Agli anni giovanili risale il celebre viaggio attraverso il Sudamerica a bordo della Poderosa II, la motocicletta dell’amico Alberto Granado, suo compagno di avventura. Guevara raccontò questa esperienza nel diario Latinoamericana (Notas de viaje) da cui è stato tratto il film I diari della motocicletta (2004). Fu un viaggio attraverso la povertà e le miserie dell’America Latina, durante il quale il giovane Ernesto maturò la convinzione che solo una rivoluzione popolare violenta avrebbe potuto porre fine alle disuguaglianze sociali.
Così, dopo la laurea si recò prima in Guatemala e poi in Messico, dove intensificò i contatti con gli esuli cubani e conobbe Fidel Castro.

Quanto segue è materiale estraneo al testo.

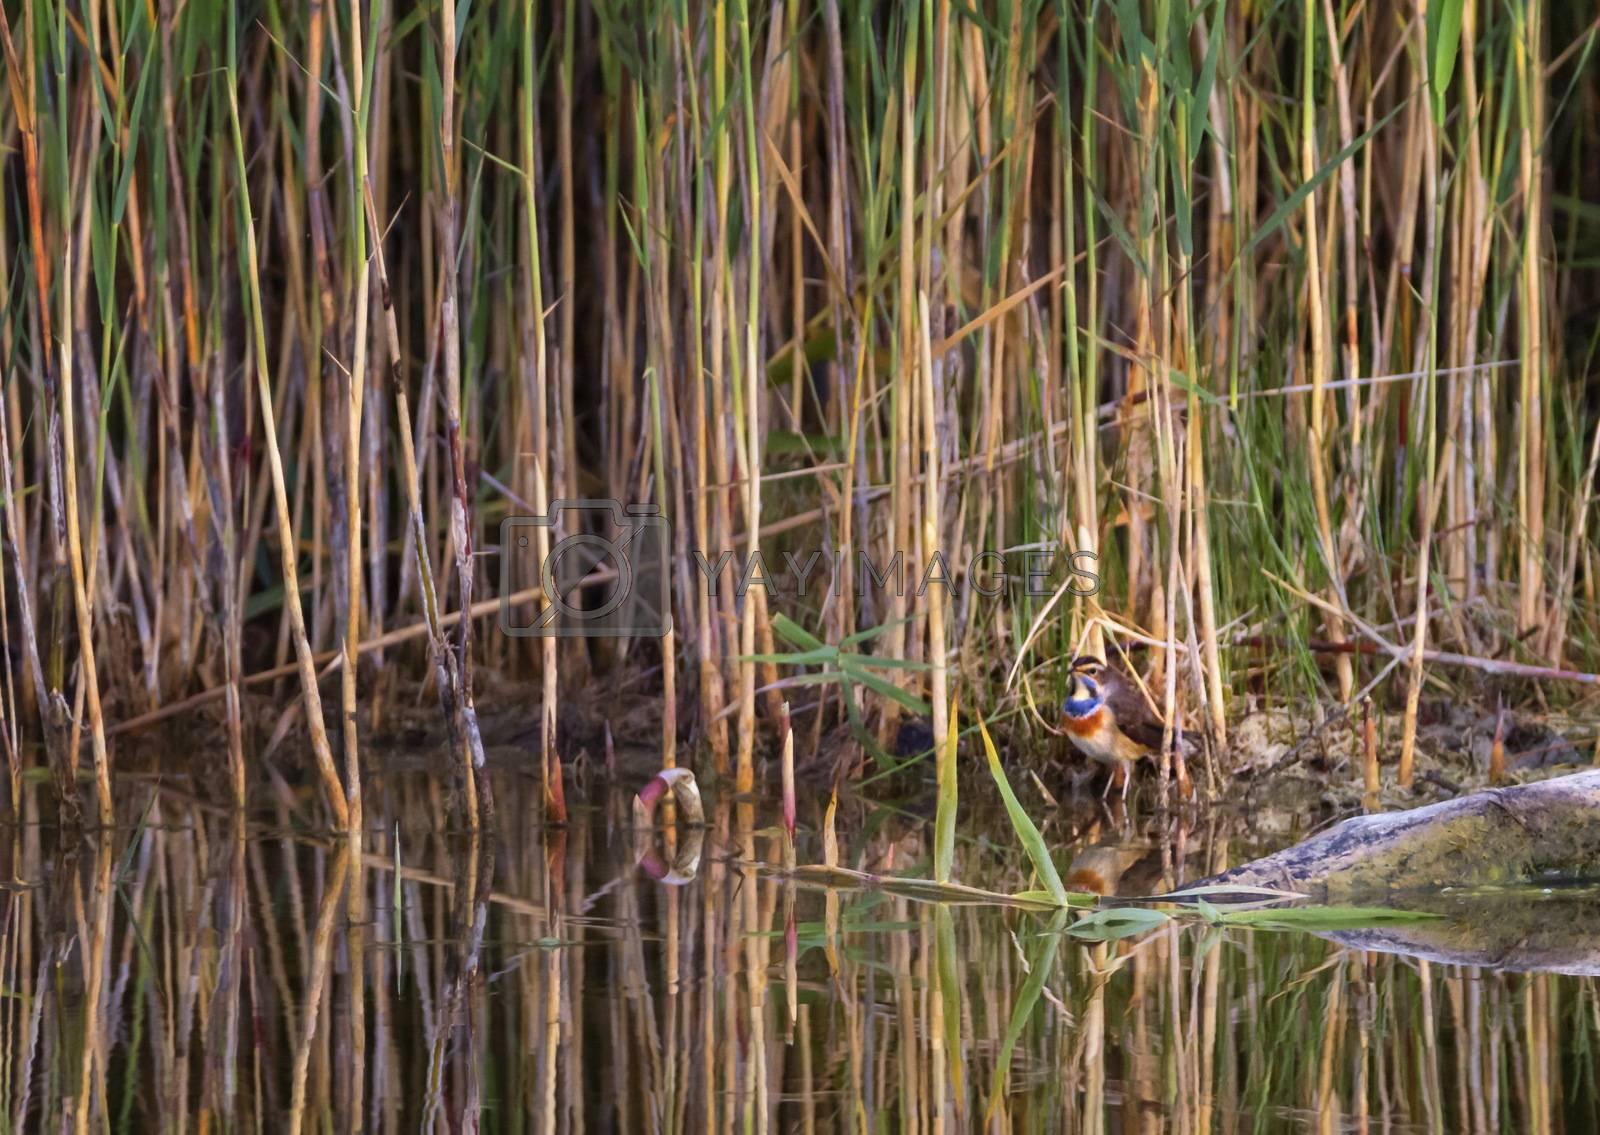 Little bluethroat, luscinia svecica, bird near a swamp, Neuchatel lake, Switzerland

Aderì al Movimento 26 luglio che progettava di rovesciare il dittatore di Cuba Fulgencio Batista e, dopo lo sbarco a La Playa de las Coloradas del 1956, si impegnò in prima persona nella guerriglia. Nel 1959 Batista fuggì da Cuba e Guevara entrò all’Avana, occupò la fortezza della città e sovrintese alle esecuzioni di ufficiali compromessi con il regime.

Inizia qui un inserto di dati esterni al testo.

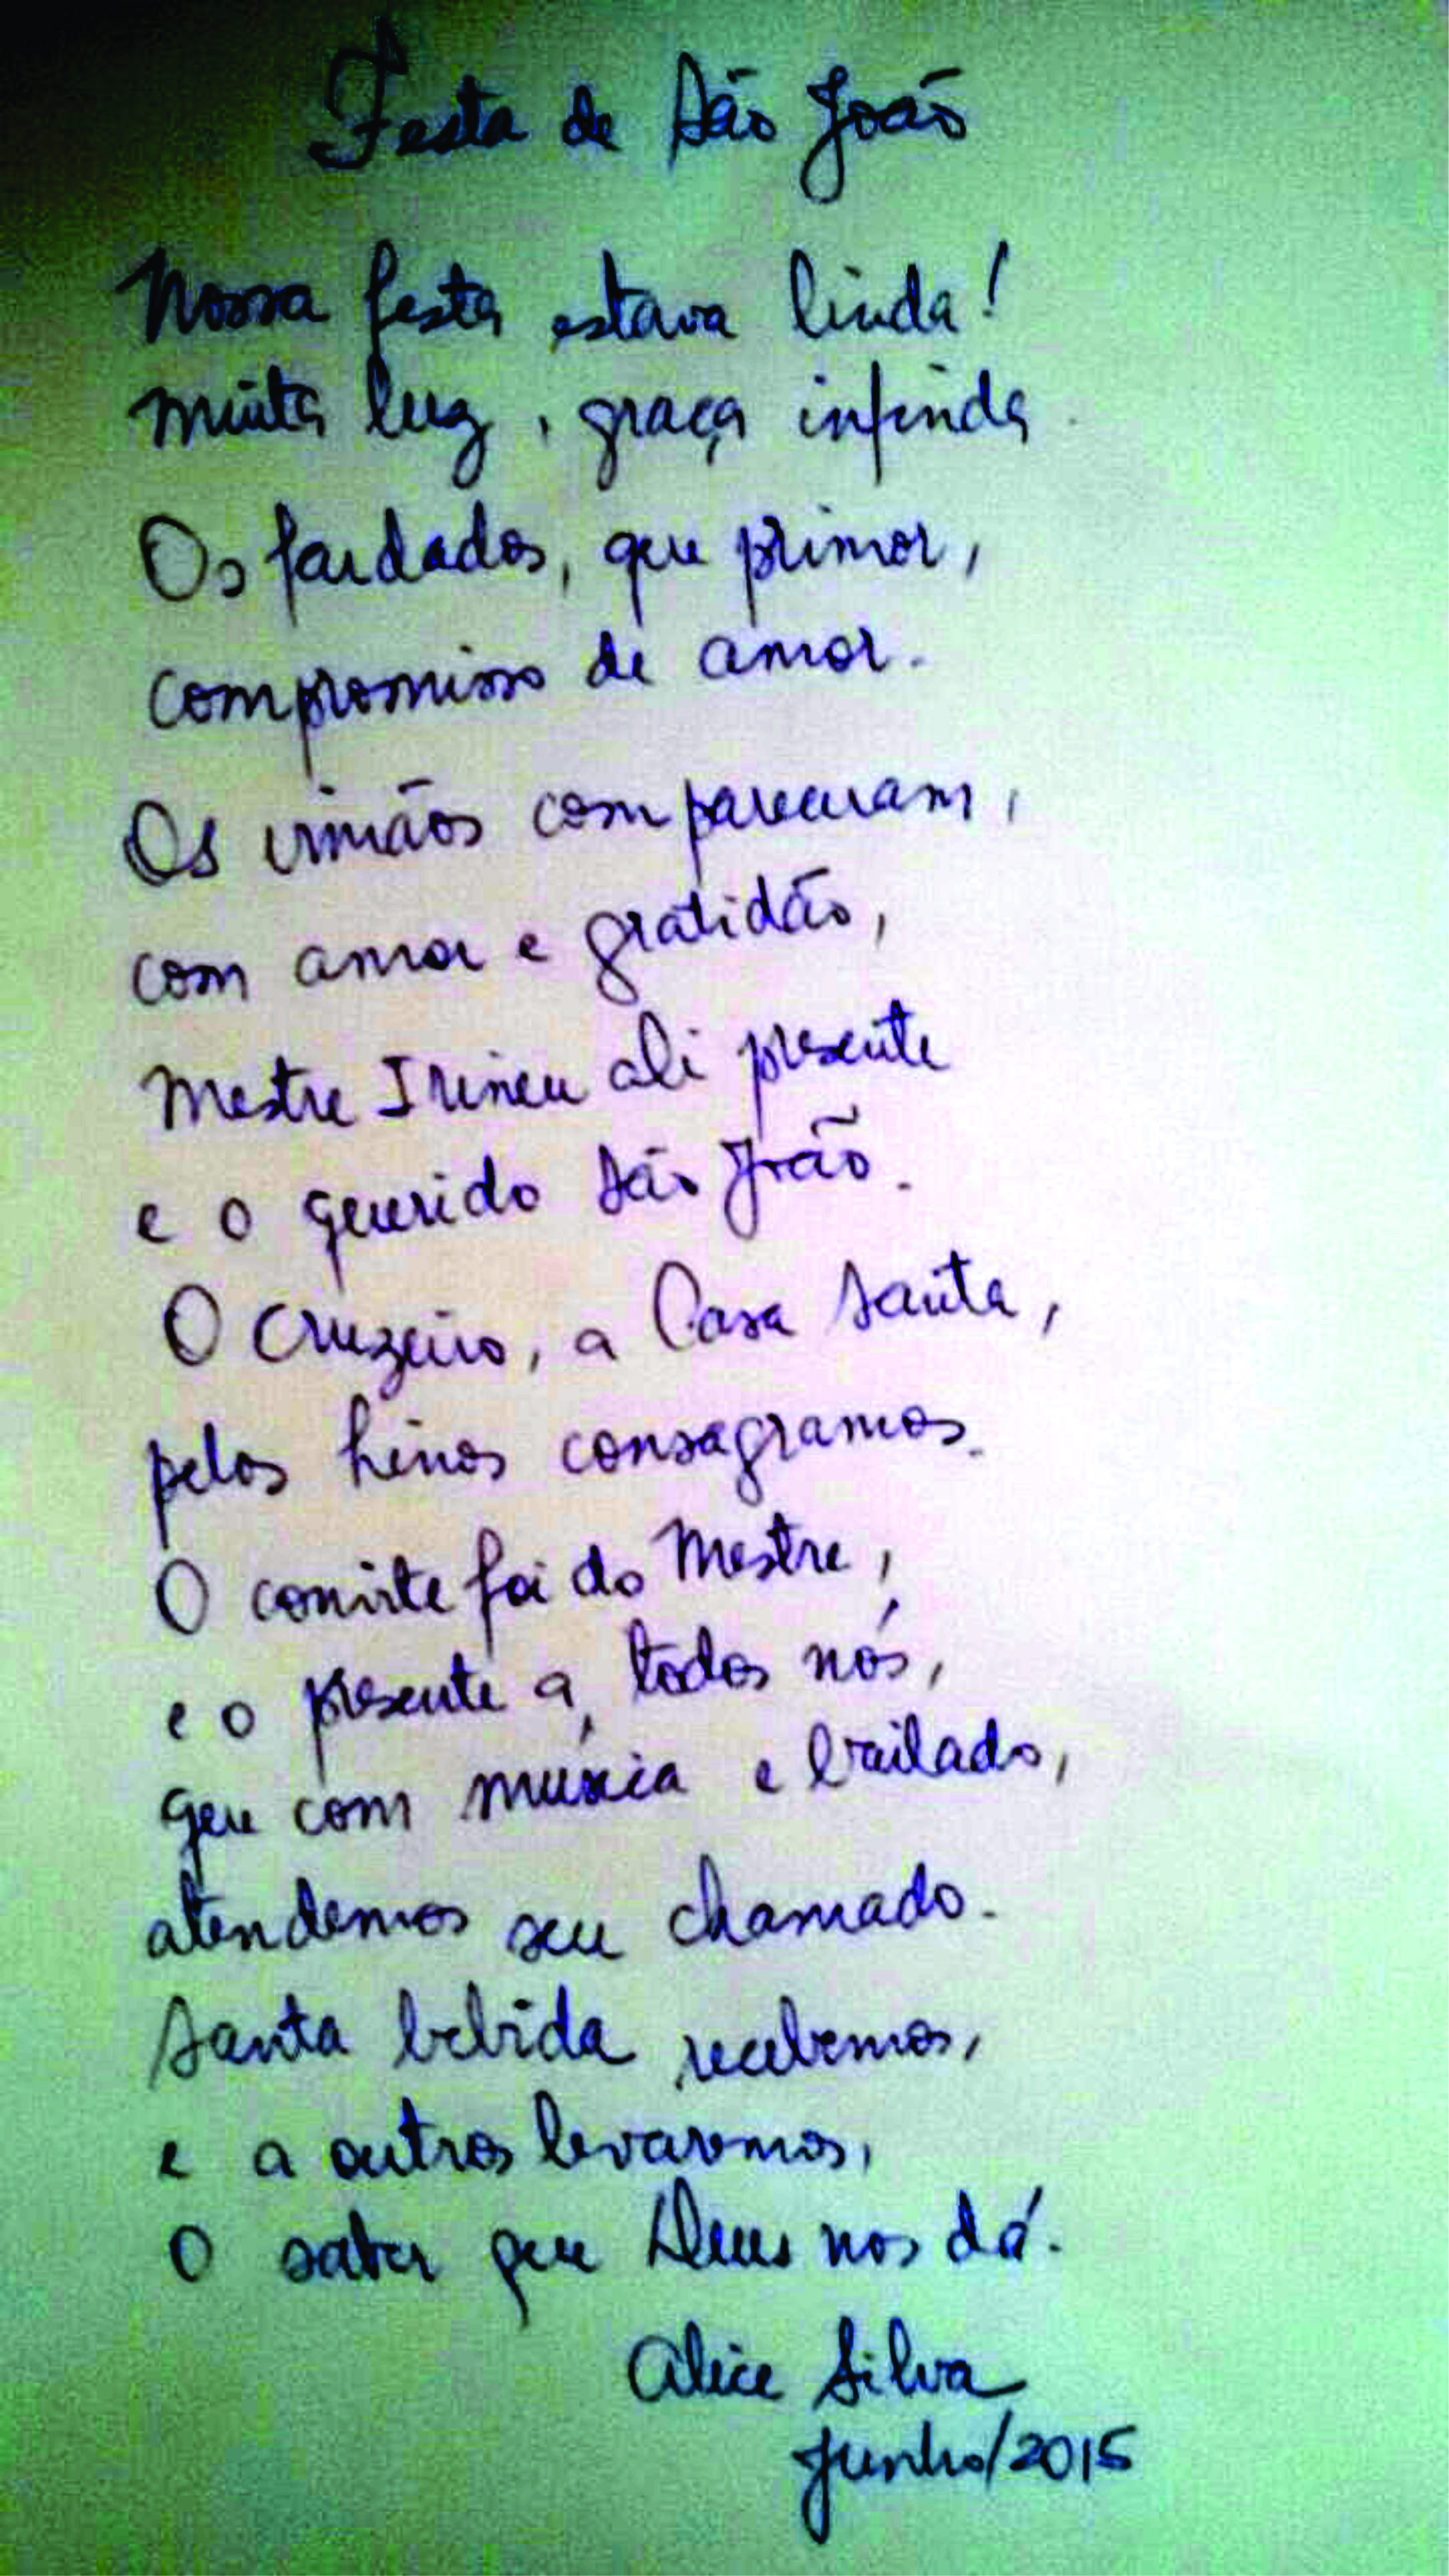 Poema da Alice editado.jpg

Si insediò quindi il governo di Fidel Castro, in cui il Che fu chiamato a ricoprire il ruolo di ministro dell’industria e dell’economia. Cuba si trovò allora al centro di complicati intrecci geopolitici, tra Stati Uniti, Russia e Cina, ma il Che non era fatto per le istituzioni e la diplomazia. Preferì allontanarsi dall’isola e, nel segno del motto “Hasta la victoria siempre”, si impegnò a fornire aiuto ai movimenti rivoluzionari di Panamá e della Repubblica Dominicana.
Nel 1965 lasciò nuovamente Cuba per attuare la rivoluzione popolare in altri Paesi, prima nell’ex Congo Belga, poi in Bolivia. Nei suoi scritti sosteneva la “dottrina del focolaio”, il modello cubano di rivoluzione, realizzato da un piccolo gruppo di guerriglieri senza il sostegno di grandi organizzazioni. Un modello che si rivelò fallimentare proprio in Bolivia, ma per cui il Che lottò fino alla morte.
Accusato da molti – in primis lo scrittore Alberto Vargas Llosa – di crimini contro l’umanità, Che Guevara non era certo animato da ideali gandhiani: “Un popolo senza odio non può distruggere un nemico brutale”, scrisse nel 1967. “Bisogna portare la guerra fin dove il nemico la porta: nelle sue case, nei suoi luoghi di divertimento. Renderla totale”.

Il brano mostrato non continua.